Three years after drilling, a federal health agency has found that natural gas in Ohio’s Medina County well water is potentially explosive, according to the Beacon Journal.  The agency says potentially explosive levels of natural gas at two houses in Medina County are a public health threat. The problems in the two drinking water wells appear linked to the nearby drilling of two natural gas wells in 2008, says the Agency for Toxic Substances and Disease Registry, part of the U.S. Centers for Disease Control and Prevention. That news contradicts repeated statements from the Ohio Department of Natural Resources on the connection between the drilling and problems at the two houses at State and Remsen roads.

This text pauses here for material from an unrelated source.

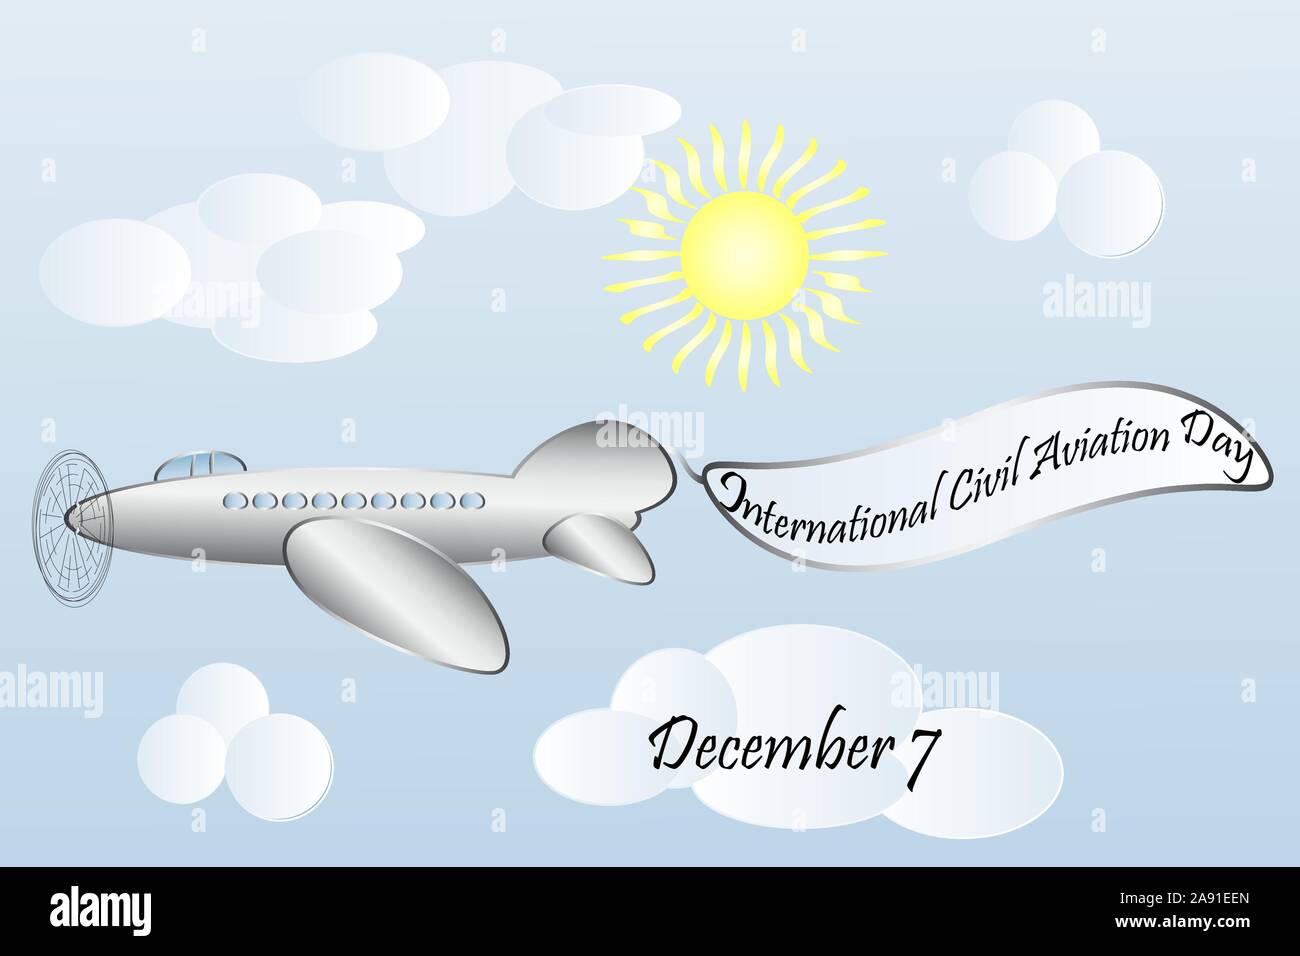 International Civil aviation day. December, 7 Stock Vector

“We are the victims of fracking… and natural gas drilling gone wrong,” said Mark Mangan, one of the affected homeowners. On Sept. 29, 2008, Mangan and wife, Sandy, found that their drinking water well had gone dry at the same time that a company was drilling for natural gas at Allardale Park about a half mile away. When the water returned to the Mangans’ well in five days, it had an unpleasant taste and a rotten-egg scent. It was salty. It bubbled. It contained methane gas and a gray slurry of cement. The Mangans could ignite the gas bubbles in the water from their kitchen sink, similar to what happened in the anti-fracking documentary Gasland. “Yes, we got water back, but it wasn’t our water,” said the 49-year-old Mangan. “Our water was gone.” Neighbors William and Stephanie Boggs had similar well problems that began one day after the Mangans’. They told federal officials they continue to use the well water. The Granger Township case is one of a small but growing number of cases in the United States where contamination problems have been linked by a federal agency to natural gas drilling.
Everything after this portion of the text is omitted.